Data for this exercise START

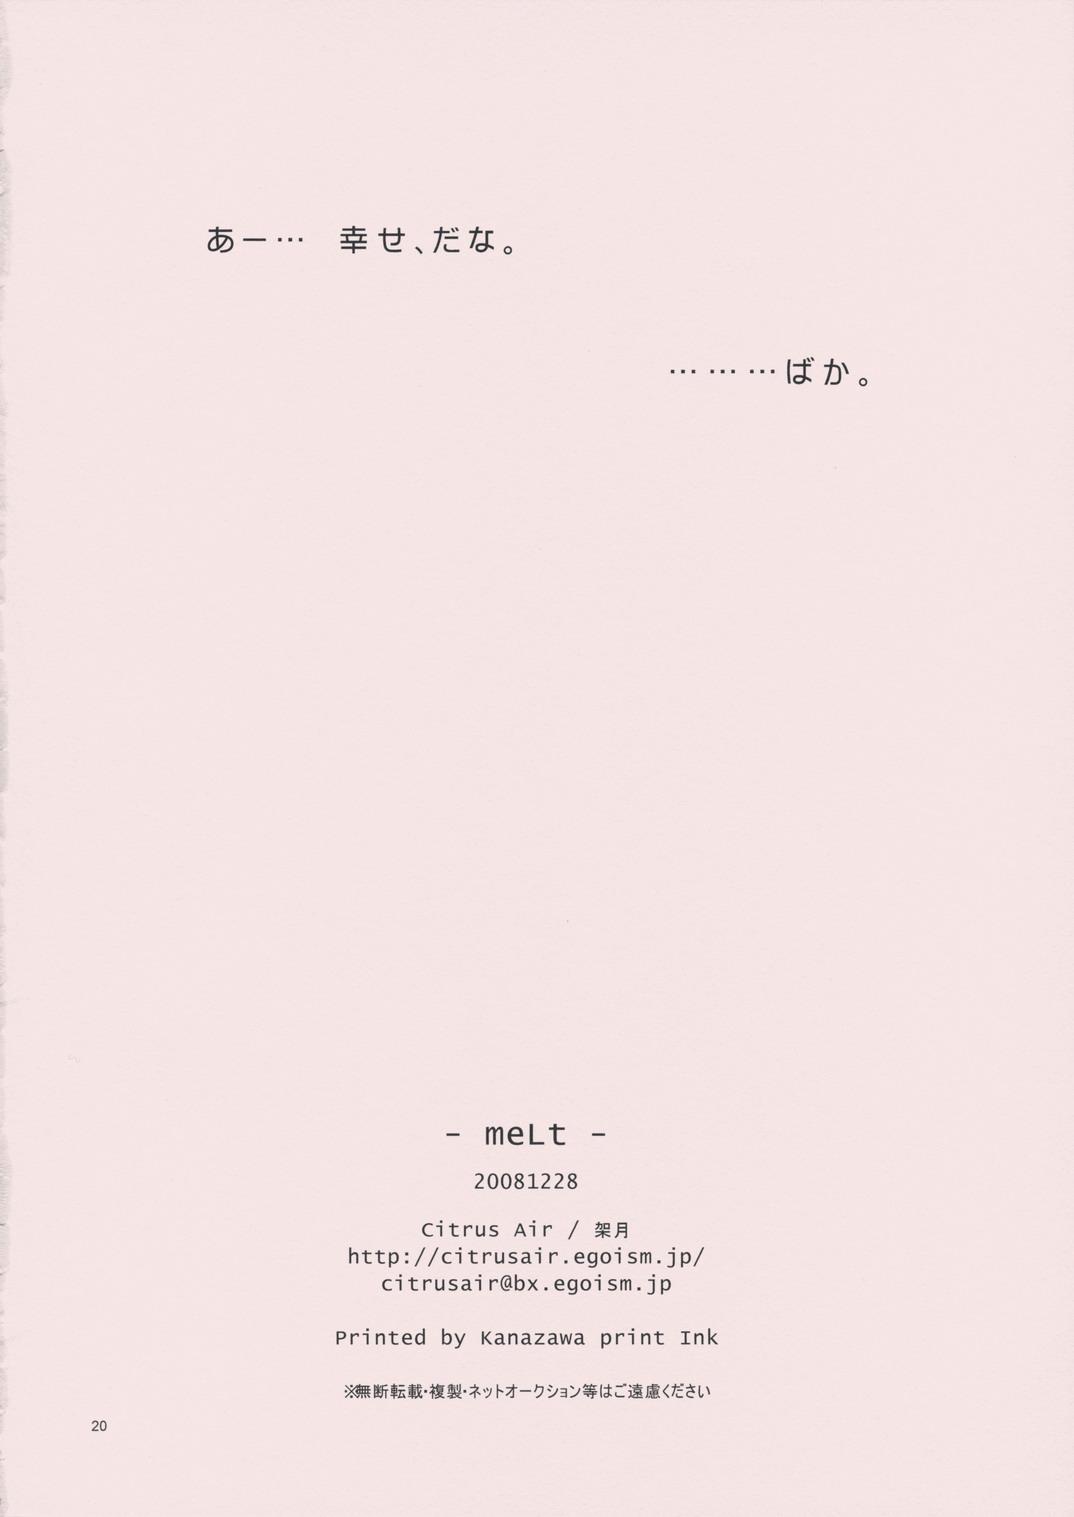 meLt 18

Data for this exercise END
Data for this exercise START

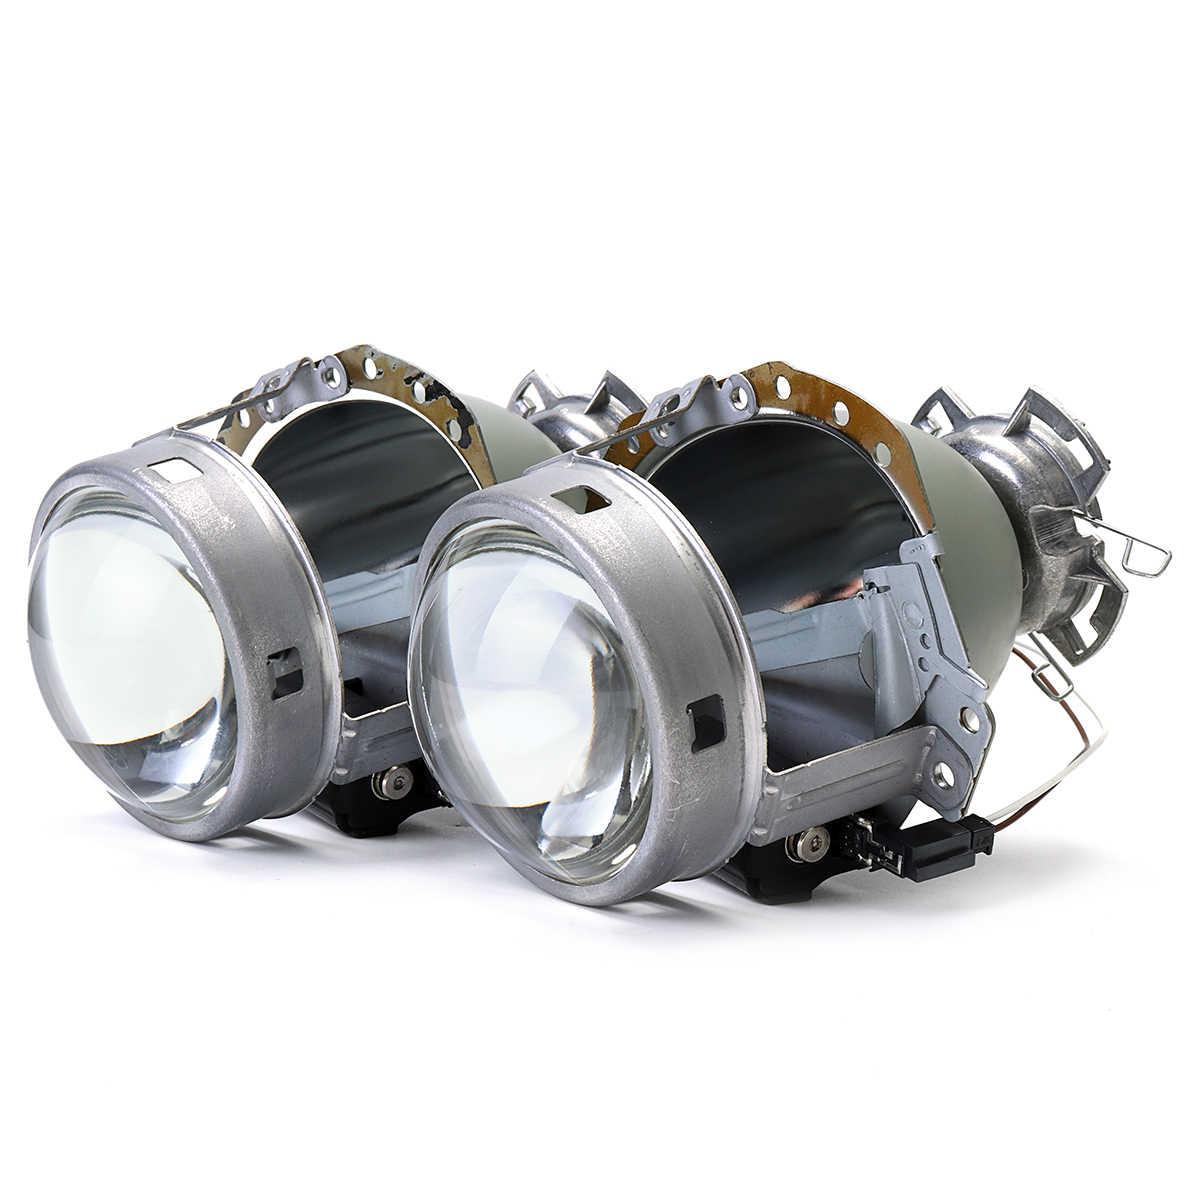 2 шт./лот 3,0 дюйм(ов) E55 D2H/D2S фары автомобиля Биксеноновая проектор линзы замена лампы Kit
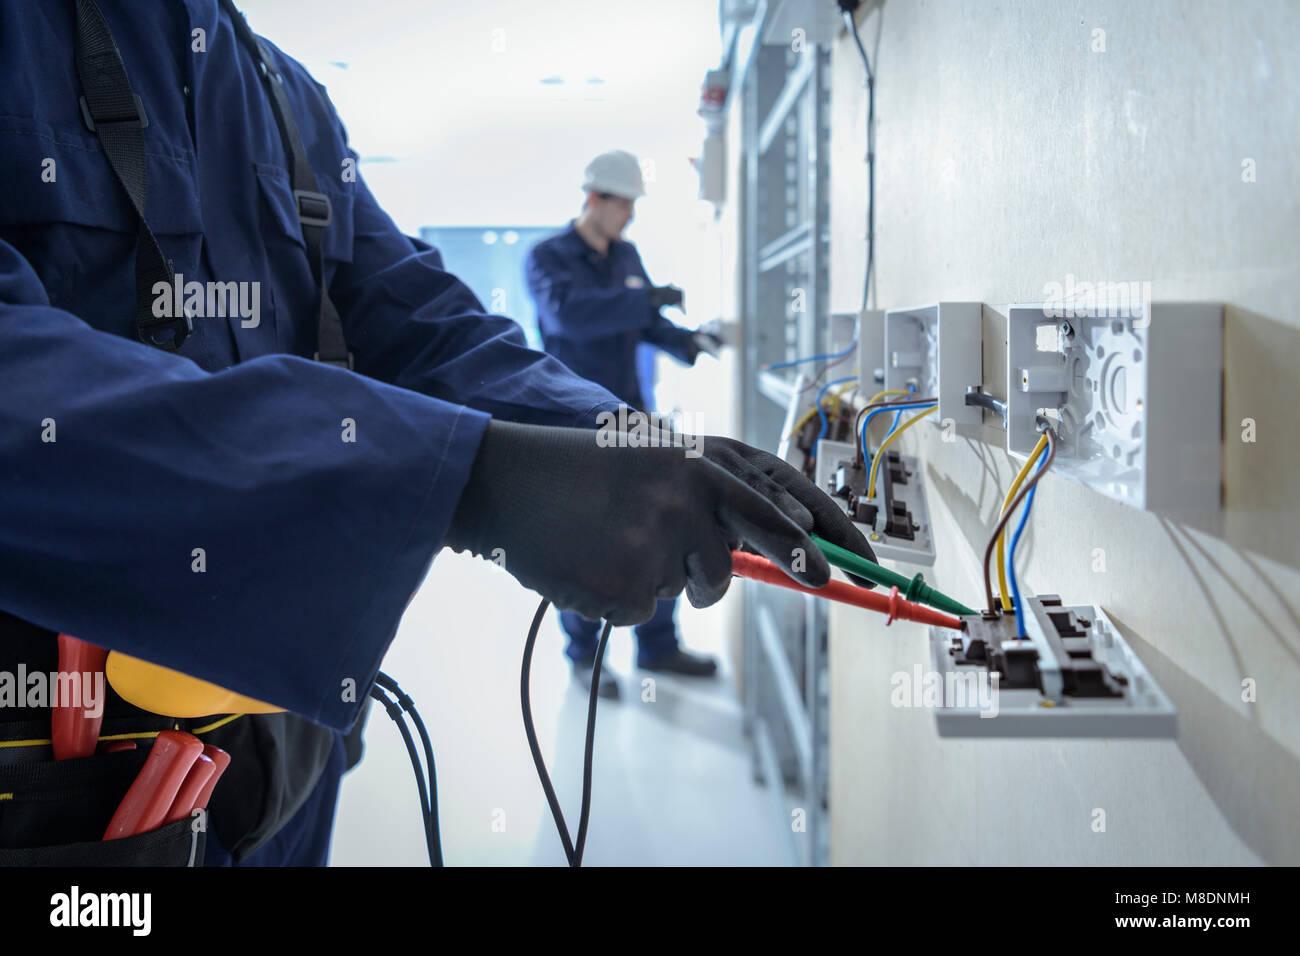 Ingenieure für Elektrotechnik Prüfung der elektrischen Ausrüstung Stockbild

Data for this exercise END

▶ [About this exercise] Your answer should consist of the lines above between those holding "2 шт./лот 3,0" and "Ingenieure für Elektrotechnik", inclusive, reproduced word for word and without pictures.

▶ [Output of the task]
 2 шт./лот 3,0 дюйм(ов) E55 D2H/D2S фары автомобиля Биксеноновая проектор линзы замена лампы Kit
 Ingenieure für Elektrotechnik Prüfung der elektrischen Ausrüstung Stockbild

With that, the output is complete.